Photo by: LB Times
IPB project promotes S&T-based home gardening in the time of a pandemic

The global pandemic has pushed to the fore concerns on food security, uncertainty of vegetable supply, and state of food insecurity of vulnerable populations.

A project of the Institute of Plant Breeding (IPB) sought to address these concerns and the current popularity of gardening as a hobby became the perfect vehicle with which to promote the initiative.

Entitled “Participatory Enhancement of Food Security in Laguna through S&T-based Home Garden Systems,” this project is part of the Department of Science and Technology-Philippine Council for Agriculture, Aquatic, and Natural Resources’s (DOST-PCAARRD) response to government-led efforts on the COVID-19 pandemic dubbed as “GALING-PCAARRD Kontra COVID-19 Program.”

The project falls under the Gulayan sa Pamayanan component, one of seven under the GALING-PCAARRD program.

It deals with the production of quality seeds and planting materials, practical crop management and food safety, and adoption and sustainability efforts.

Considering COVID-19 as a major threat to food security, the project focuses on the potential opportunity of home gardens as a forward-looking measure to complement the food-producing population.

The project, funded under the GALING-PCAARRD initiative, is headed by Villamor A. Ladia Jr., a researcher at IPB who promotes vegetable home gardening while using low-cost inputs.

In line with its objectives, on Sept. 21-22, a group from IPB conducted a trainers’ training for leaders of Kababaihan sa Bayan ng Victoria in Victoria, Laguna.

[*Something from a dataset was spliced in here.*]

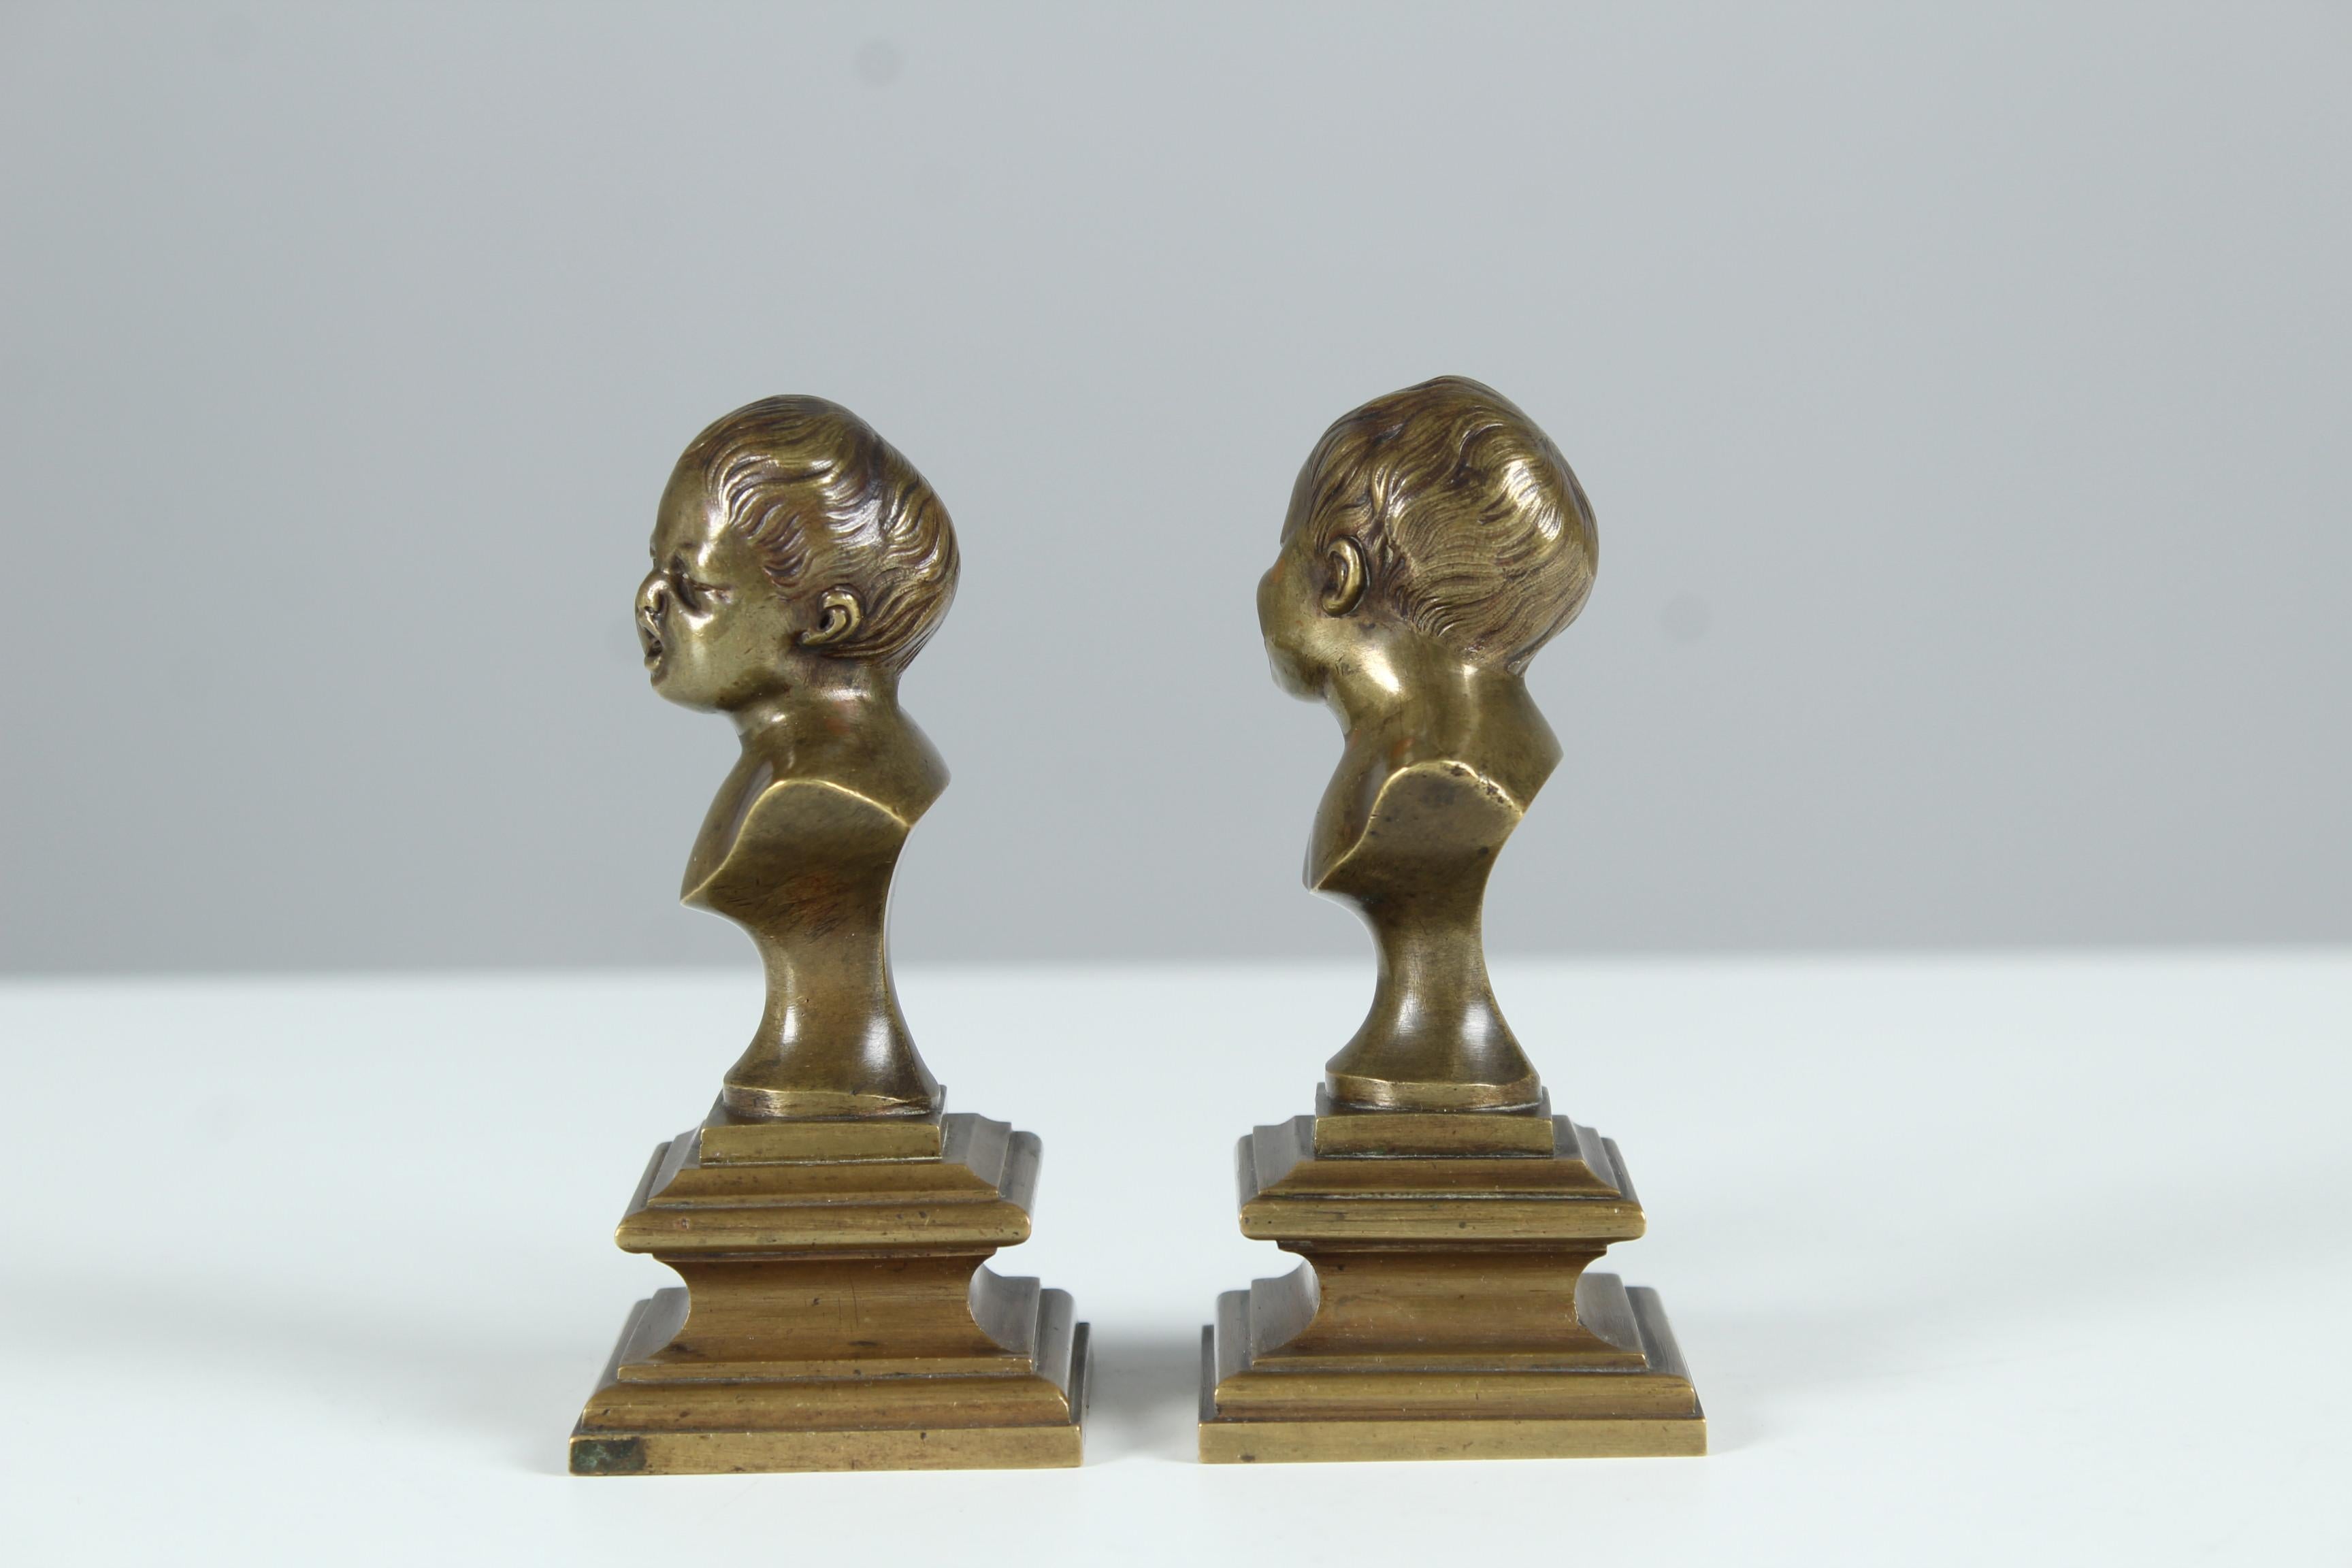 Antique Pair of Miniature Bronze Busts, Children Laughing and Crying, Late 19th In Good Condition For Sale In Greven, DE

The trainees are expected to extend what they learned from the training on the basics of home gardening, sustainable vegetable production, seed saving, and natural farming inputs preparation to other constituents in the community.

A demonstration and mini hands-on activity on the preparation of natural farm inputs was also held during the training to allow the participants to try accomplishing different tasks like preparation of fermented plant juice and water-soluble calcium. [A1] 

The IPB National Seed Foundation (NSF) takes care of the seed production aspect of the project.

NSF produces and markets breeder and foundation seeds of improved varieties, vegetative planting materials, asexually propagated fruit trees, and seedlings

It has been active with its pandemic response of distributing seeds and seedlings during the lockdowns in 2020.

Pinakbet seed packs produced by NSF are part of the home gardening starter kits, which were distributed to project beneficiaries.

Another activity under the project is the development of an online platform to popularize gardening tips and trivia about vegetables and feature success stories of project beneficiaries.

Meanwhile, the Binhing PAMANA Station, which is also managed by the IPB Vegetable Crops Section, showcases home gardening techniques such as container gardening using recycled materials like discarded cans, plastic shoe cabinets, and repurposed plastic bottles.

The set up shows how common vegetables like lettuce, radish, kangkong, tomato and eggplant,  and indigenous vegetables like algubati, saluyot, amaranth, pipipinito, samsamping, roselle, and lagkiway are planted in an area with limited space.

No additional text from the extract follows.